A Fitch Rating economist said in a memo Thursday that tariffs have significantly increased the risk of a US recession. He said tariffs will result in a rise in consumer prices, which narrows down actual wages and weighs consumer spending.
How can customs duties affect consumer prices?
Trump's tariffs are targeted at countries that supply the United States with a wide variety of goods. For American families, a very likely outcome is high prices at grocery stores, car dealers, electronic retailers and clothing stores.
Avocados, tomatoes and strawberries imported from Mexico are some of the first places shoppers may notice price increases.
Due to existing inventory, or if a company expects tariffs to be temporary, it can take some time for the price of durable goods, such as cars, to rise.
Yale Budget Lab estimated that Trump's new car rate, which took effect Thursday, would increase vehicle prices at an average of 13.5%. In total, the group estimated that American households would pay an average of between $500 and $600 as a result of tariffs.
Trump repeated the sentiment, claiming that price increases were minimal compared to other economic benefits. Over the weekend, NBC News correspondent Kristen Welker asked the president if he was concerned that tariffs could make cars more expensive. “I didn't really care,” Trump replied.
“When prices of foreign cars go up, they're going to buy American cars,” he said of the consumer.
What does it mean to be made by Americans?
What is an import?
Borders are blurred in vehicle production, and often parts are supplied from around the world.
Almost half of all vehicles sold in the US are imported, and almost 60% of the parts used in vehicles assembled in the US are imported.
Since the creation of the North American free trade zone in 1994, American and foreign-owned automakers have built supply chains that transcend the borders of the US, Canada and Mexico.

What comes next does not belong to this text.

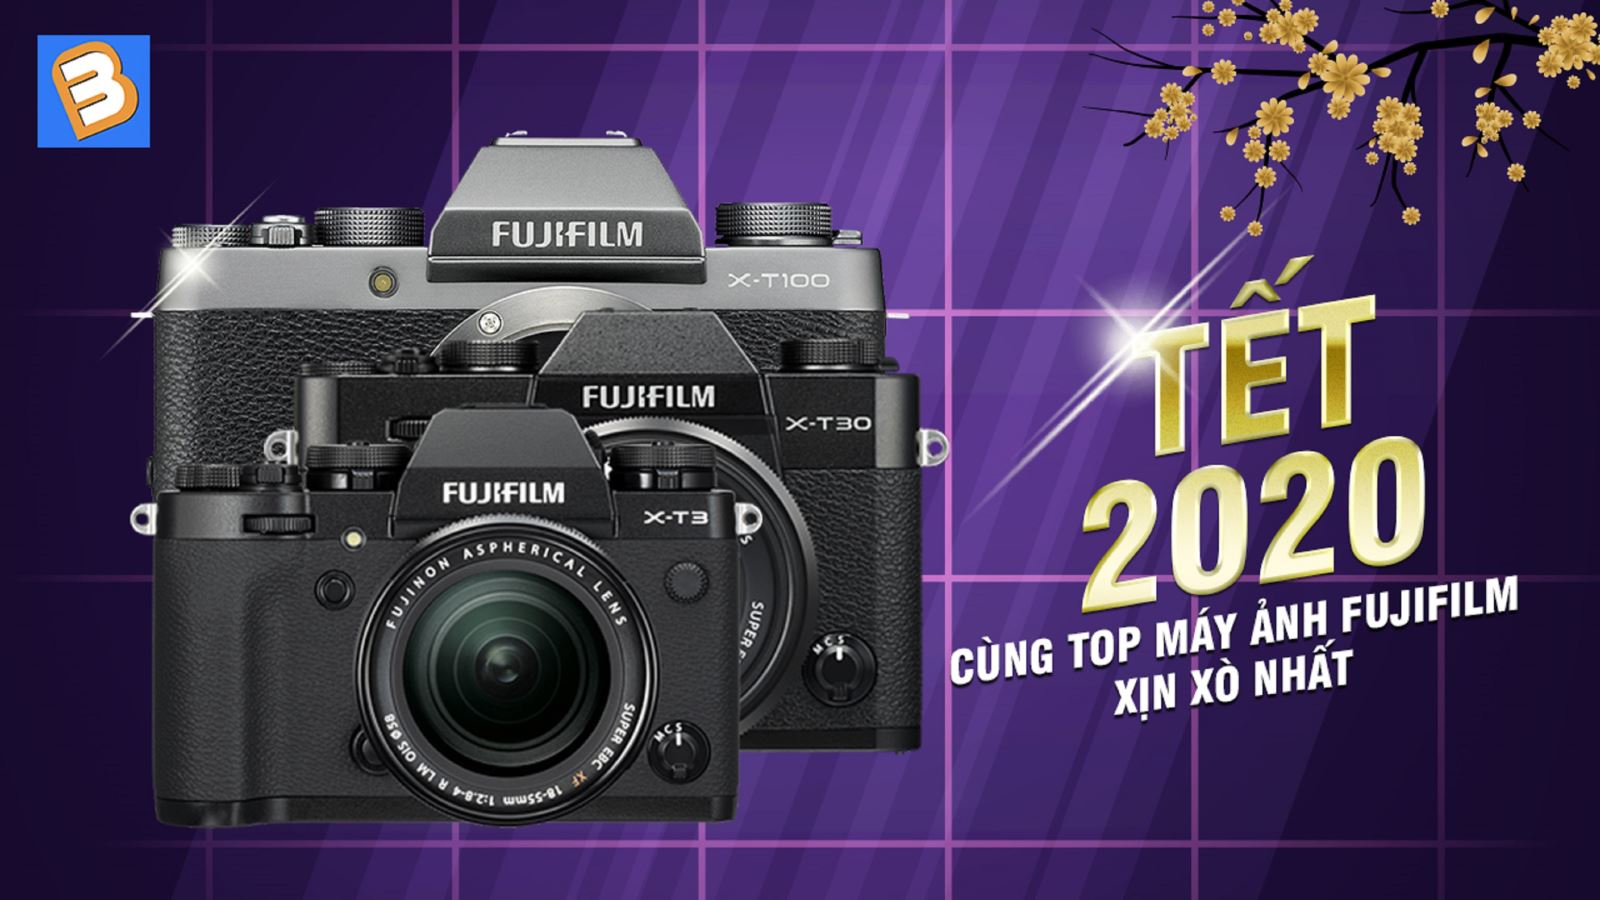 Đón Tết 2020 cùng top máy ảnh Fujifilm xịn xò nhất

For example, the 2024 Chevrolet Bleather, a popular sports utility vehicle created by General Motors, is assembled in a Mexican factory using an engine and transmission produced in the US.

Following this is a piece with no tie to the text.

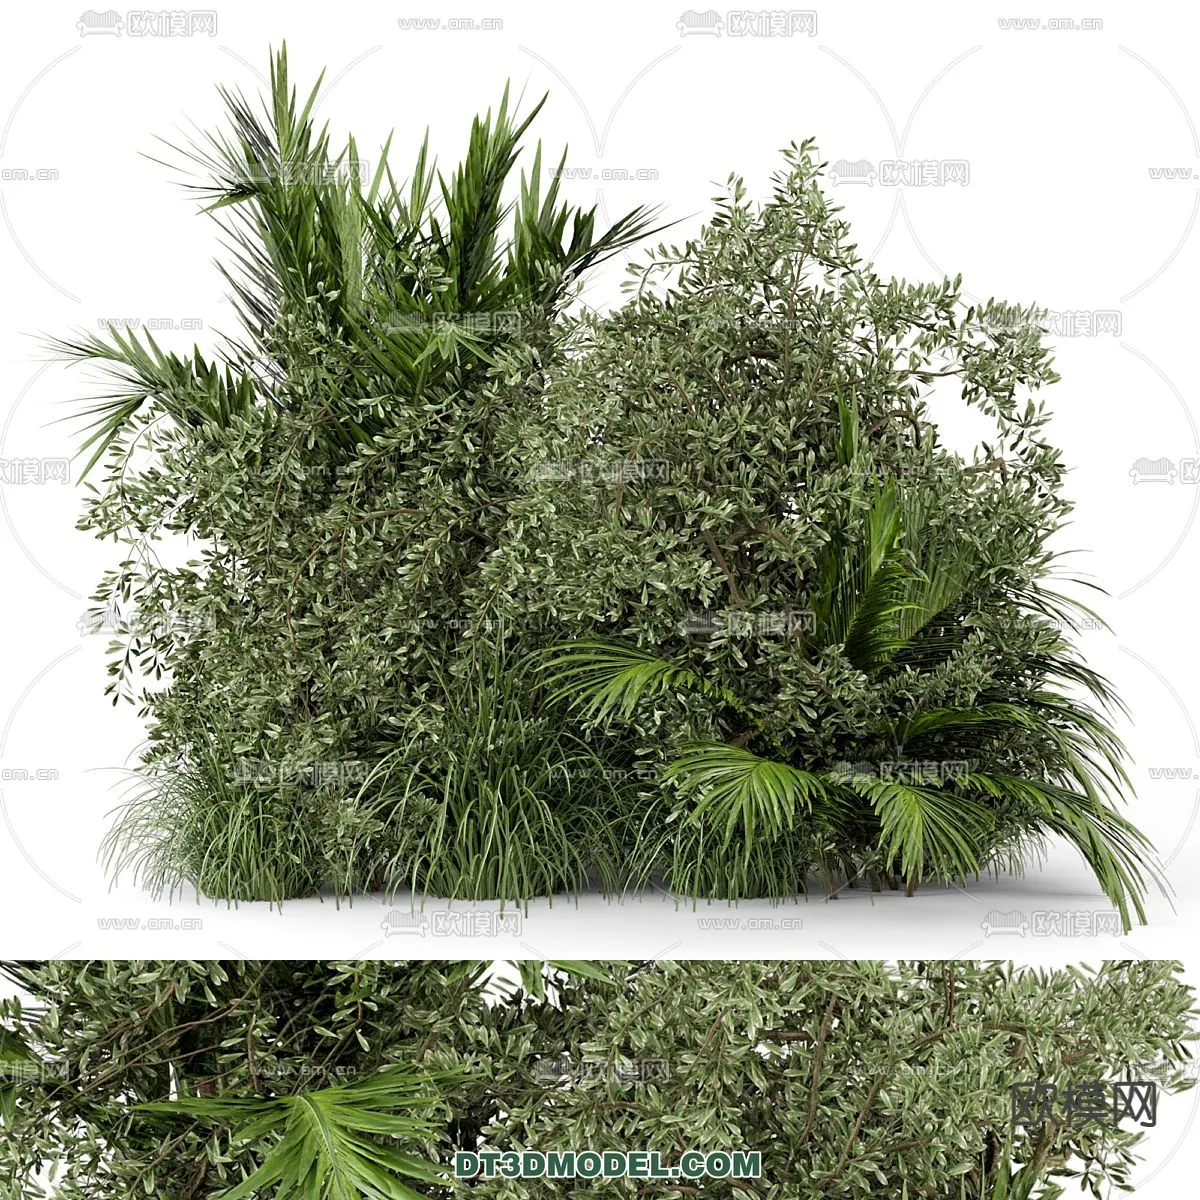 PLANTS – BUSH – CORONA – 3D MODEL – 290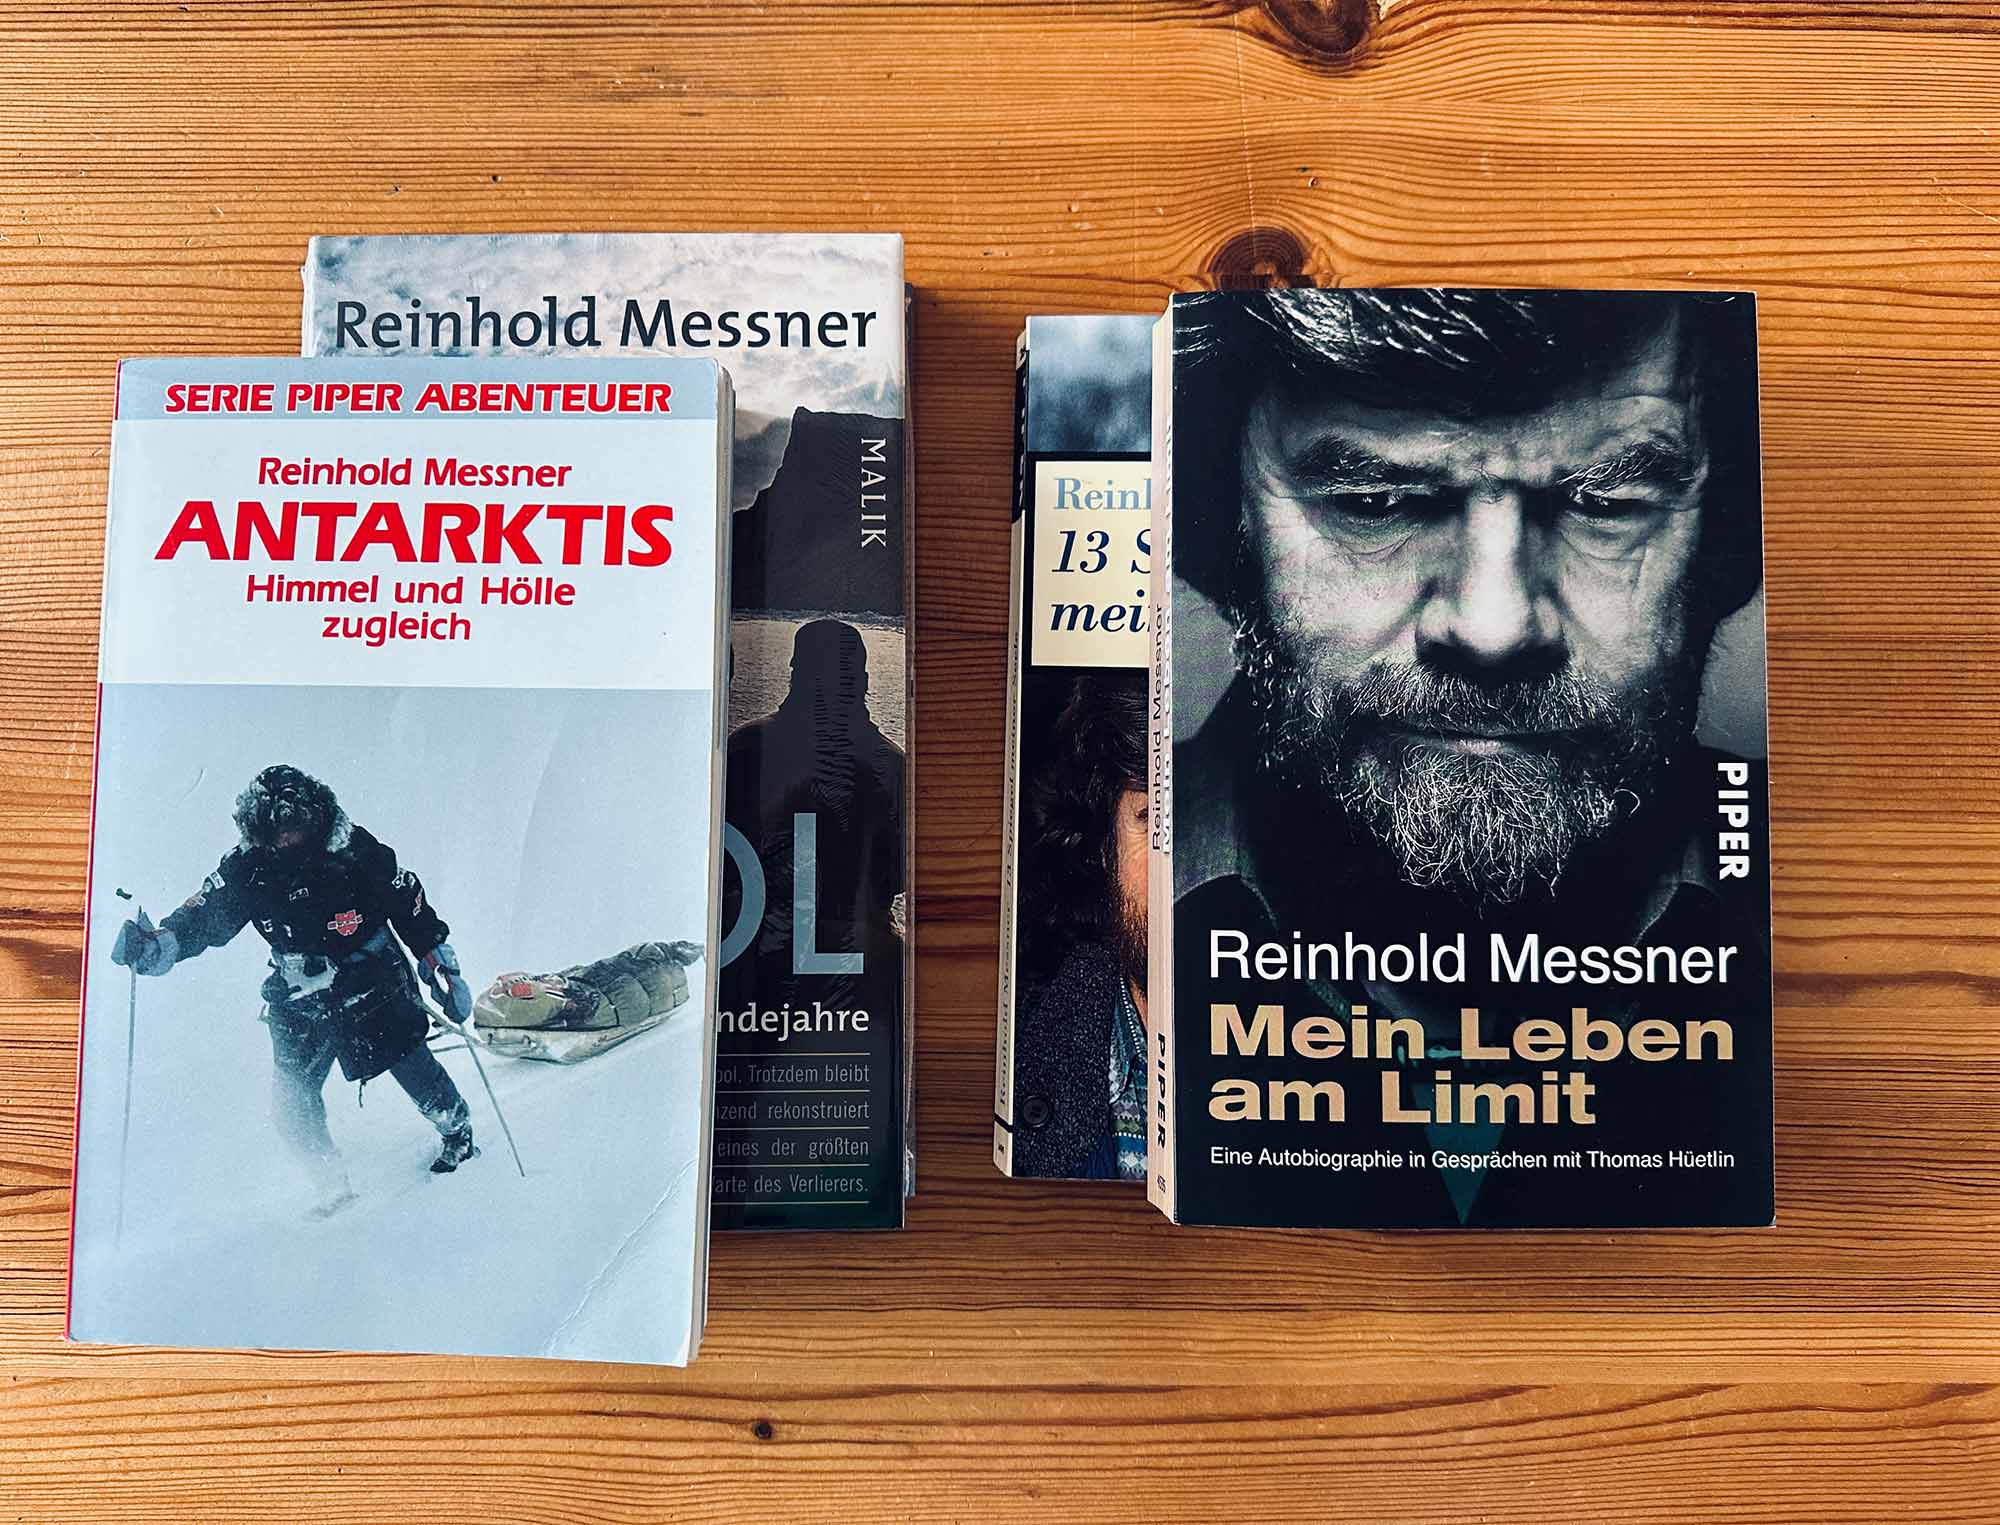 Im Bild ist eine Auswahl an Büchern von Reinhold Messner zu sehen.

What is the history of US tariffs?
1789: The United States relied heavily on tariffs to fund the federal government and protect domestic manufacturers, as proposed by First Secretary of the Treasury, Alexander Hamilton.
1828: The federal government passed an average tariff of 38% to protect the country's manufacturing sector from foreign competitors. These have been labelled “hate tariffs” by the southern states, and their economy relied on exporting raw materials and importing manufactured goods, leading to constitutional conflicts.
1930: The Smoot Holy Customs Act of 1930 was enacted in an attempt to protect US businesses after the stock market crash of 1929. Instead, as explained in “Ferris Buhler's Holiday,” tariffs “didn't work and the United States sank deep into the Great Repression.”
1934: Franklin D. Roosevelt signed the Mutual Trade Agreement Act, giving the President the authority to negotiate a bilateral trade agreement. This set the stage for over 90 years of liberal free trade policy.
Reports were contributed by Mark Rander, Eche Nelson, Alexandra Stevenson, Andrew Duren, June Kim, Carl Russell, Colby Smith, Ian Austin, Vosa Isai, Annie Correle, Keith Bradshire and Alan Rappeport.